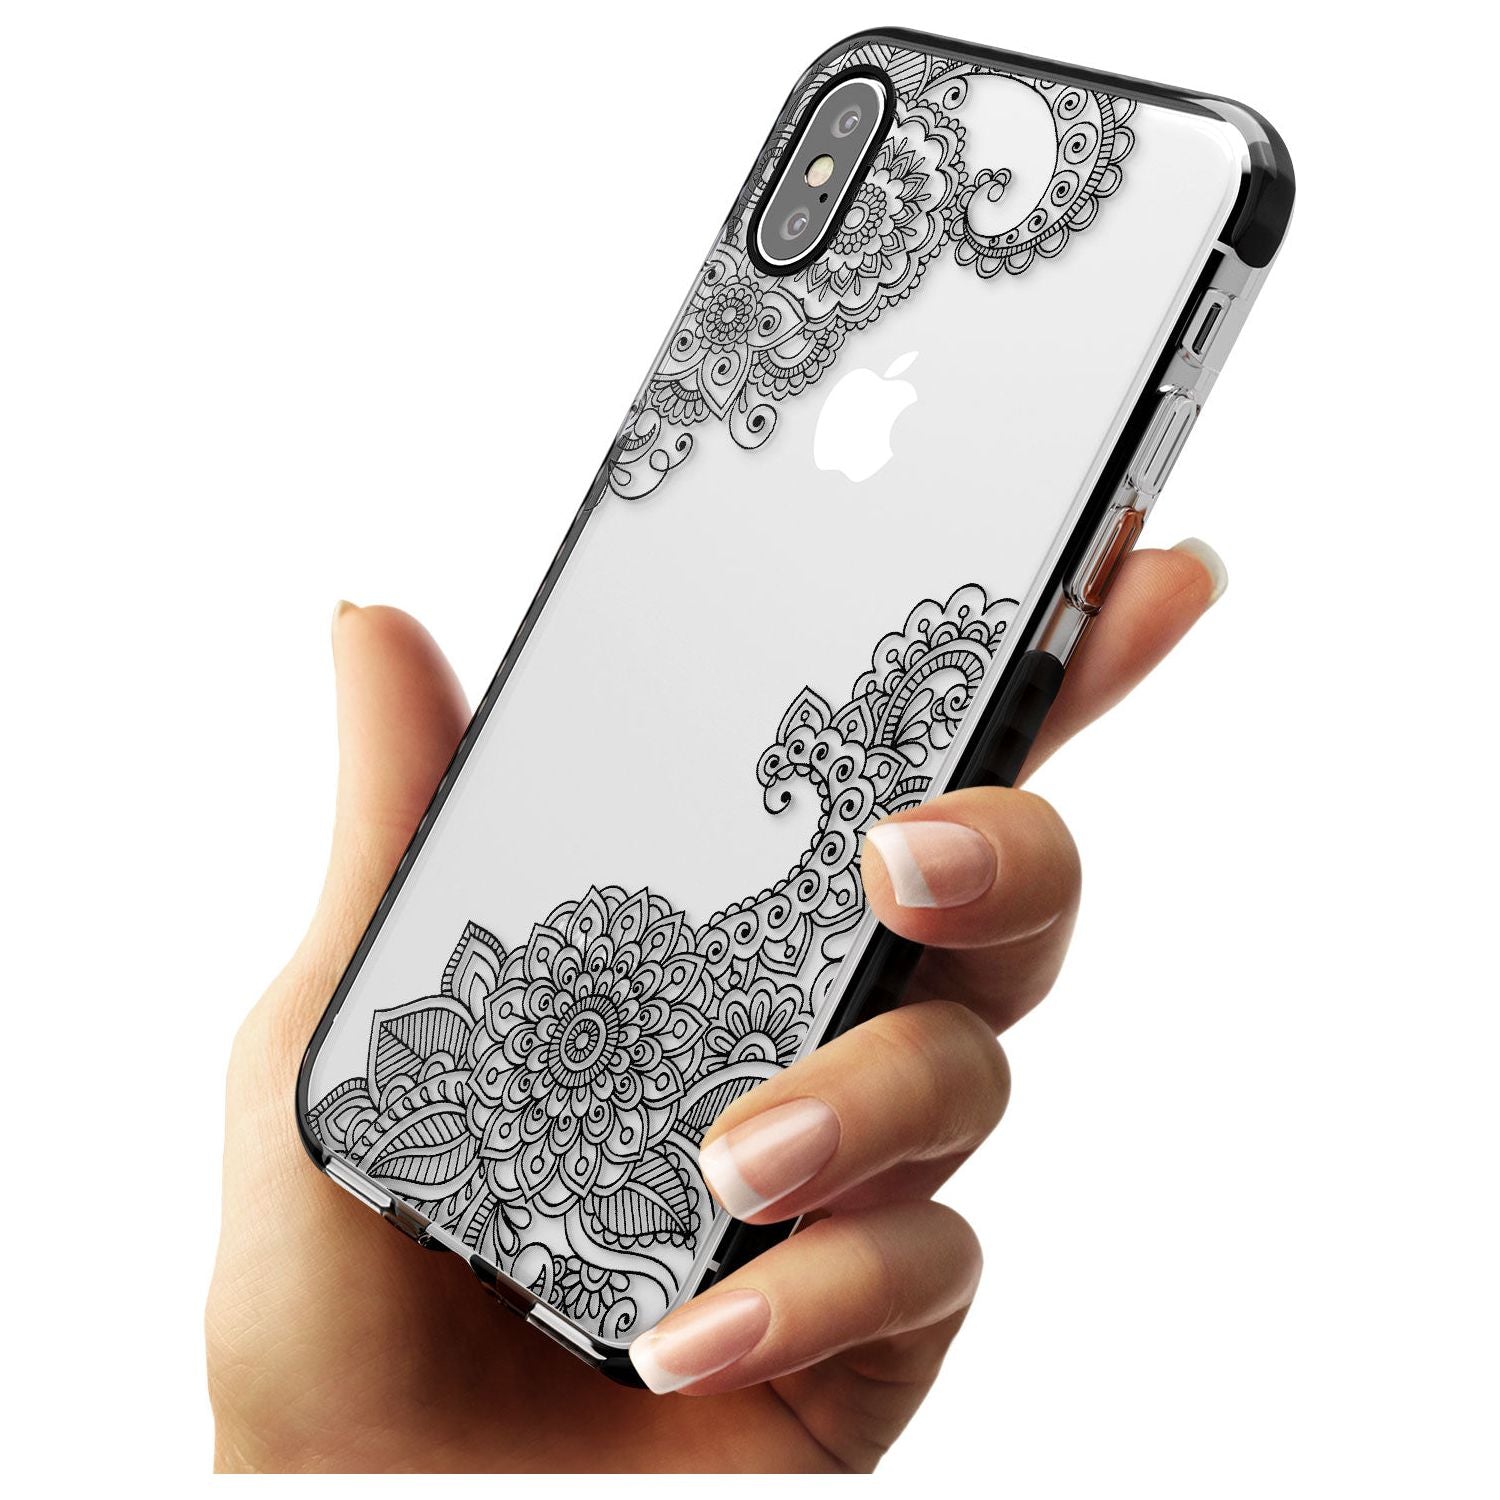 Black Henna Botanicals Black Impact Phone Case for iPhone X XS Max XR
==
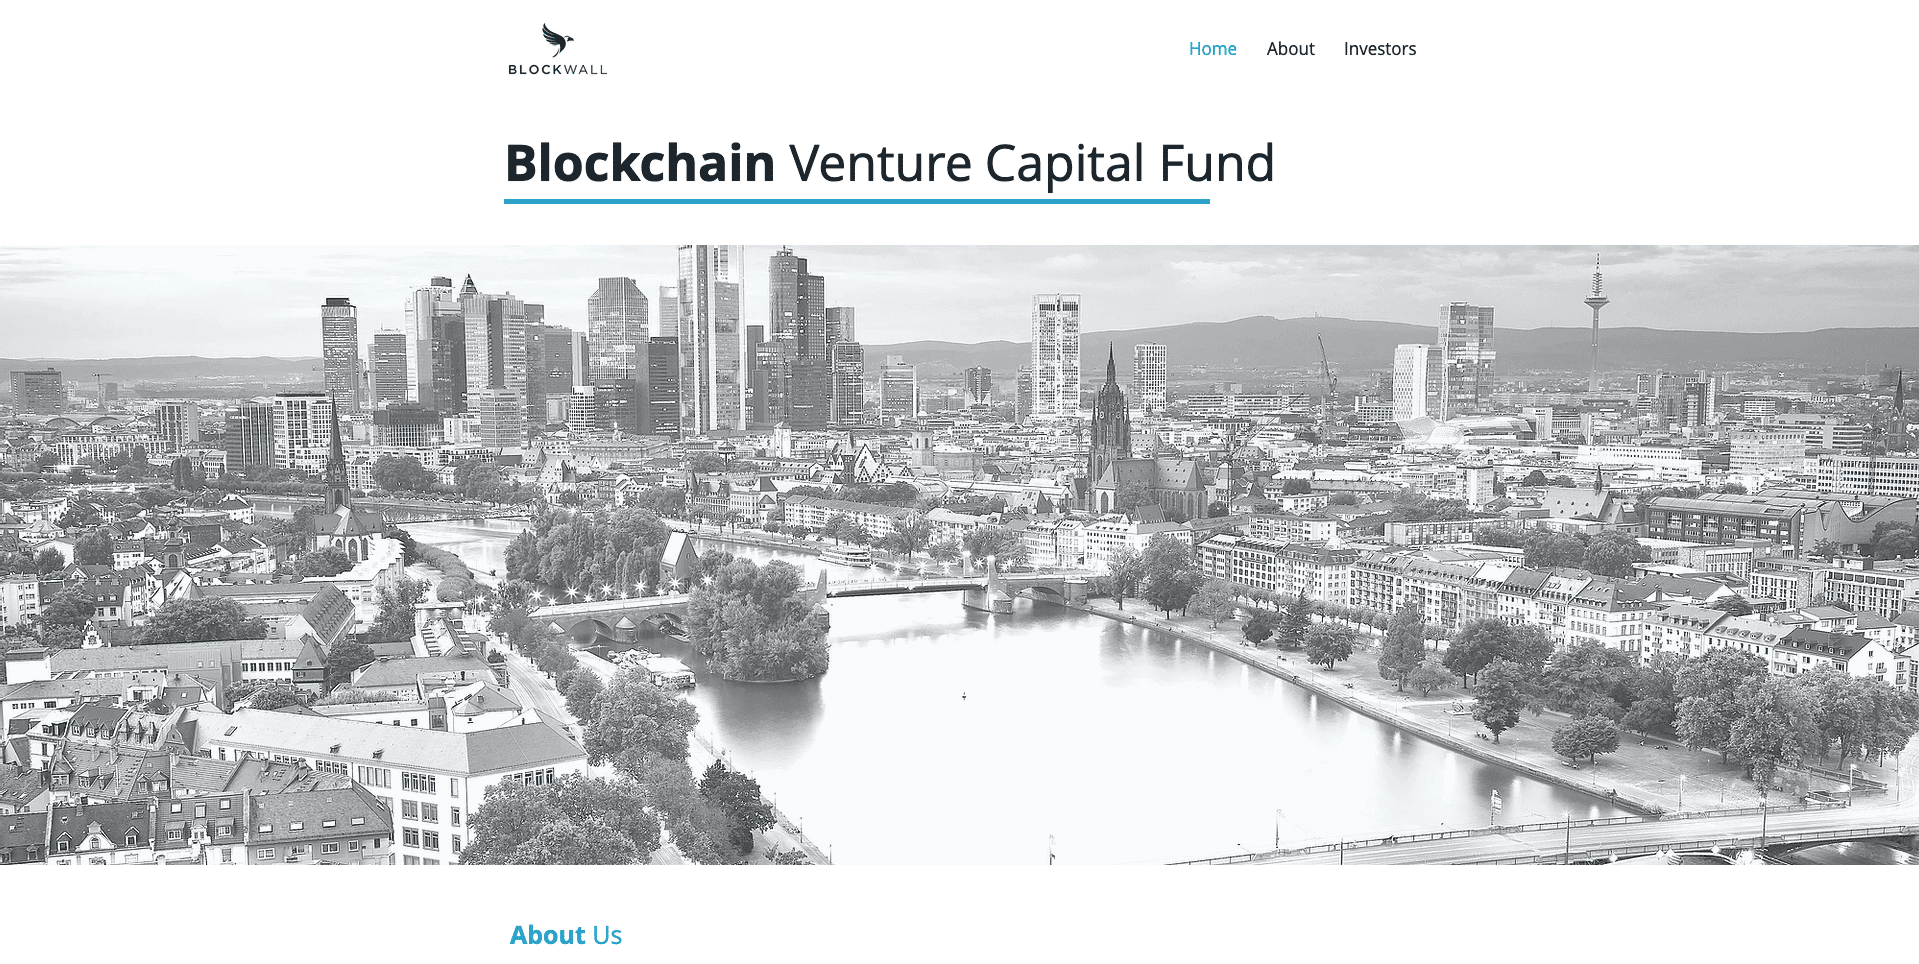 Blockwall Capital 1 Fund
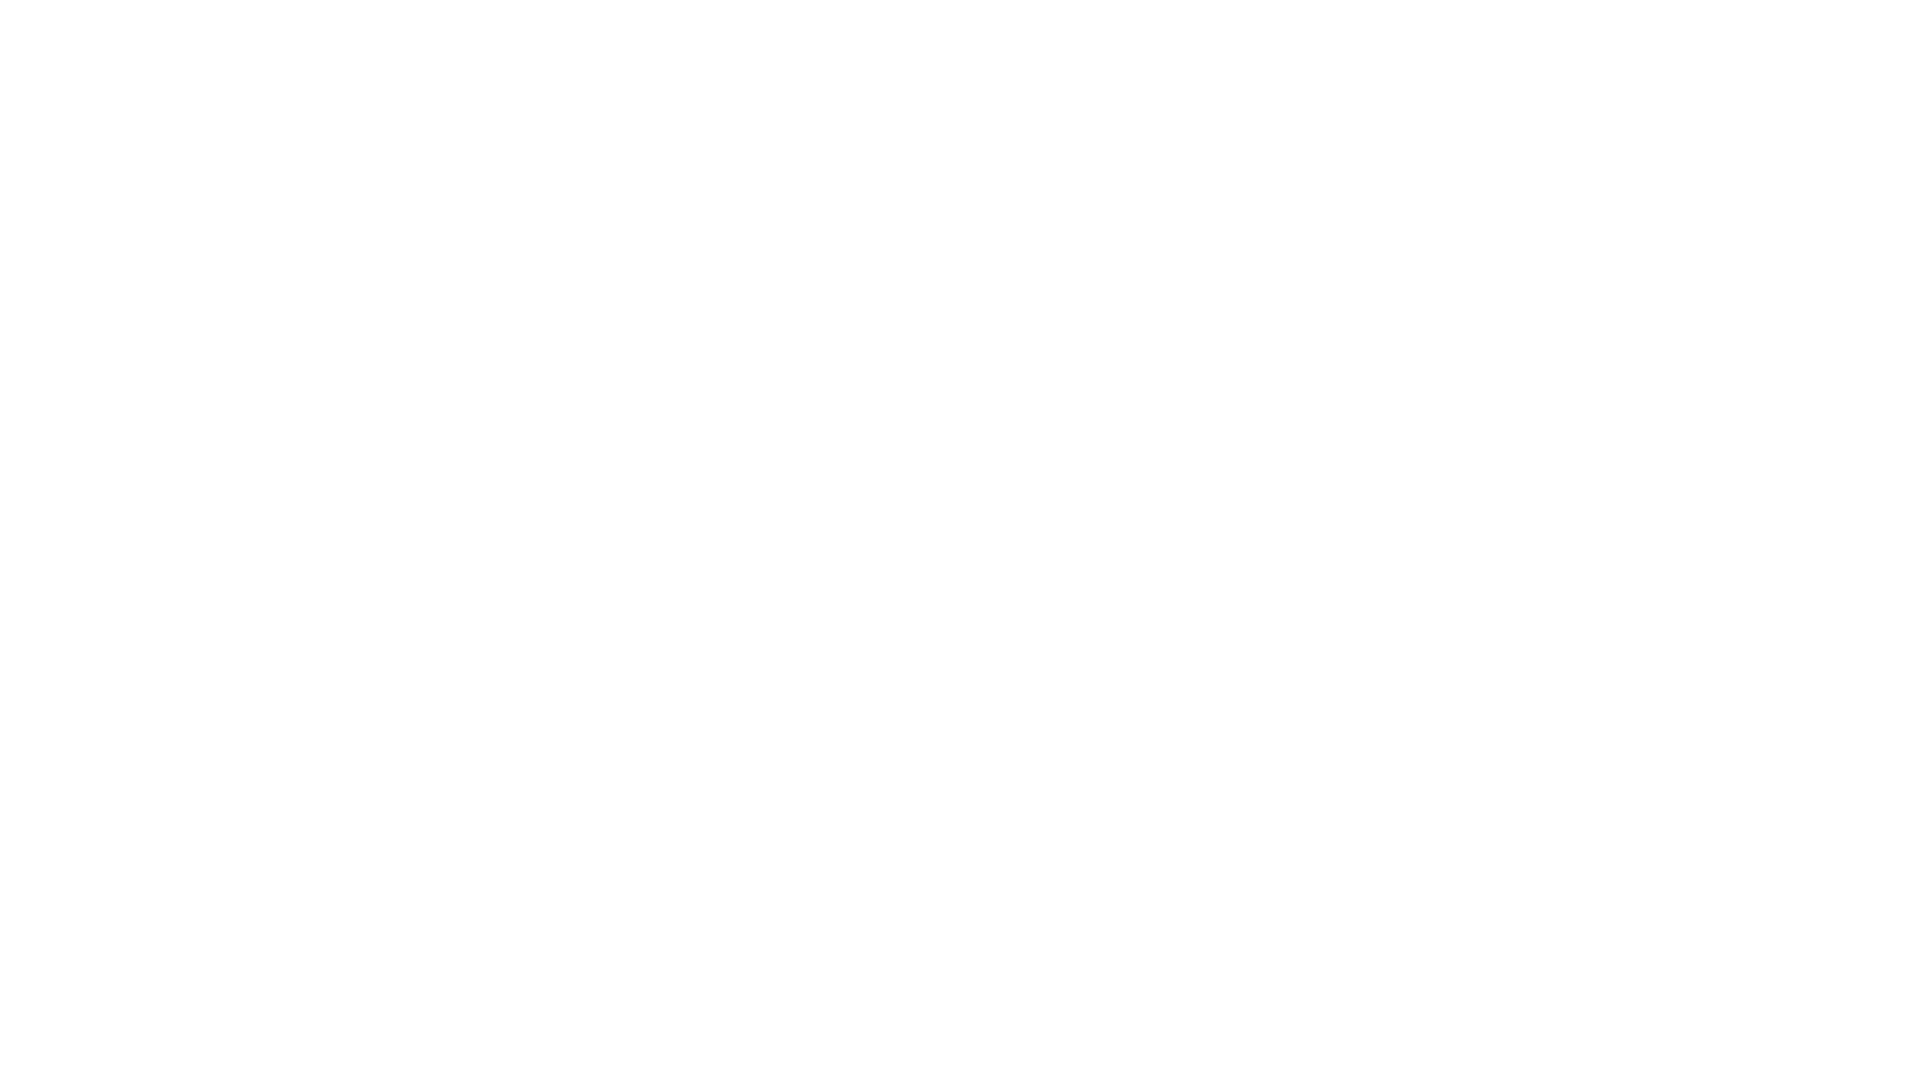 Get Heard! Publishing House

YOUR GOAL: For this exercise, set down the lines in the entries above from the one with "Blockwall Capital 1 Fund" through the one with "Get Heard! Publishing House" exactly as written, without any pictures.

PROBLEM SOLUTION:
 Blockwall Capital 1 Fund
 Get Heard! Publishing House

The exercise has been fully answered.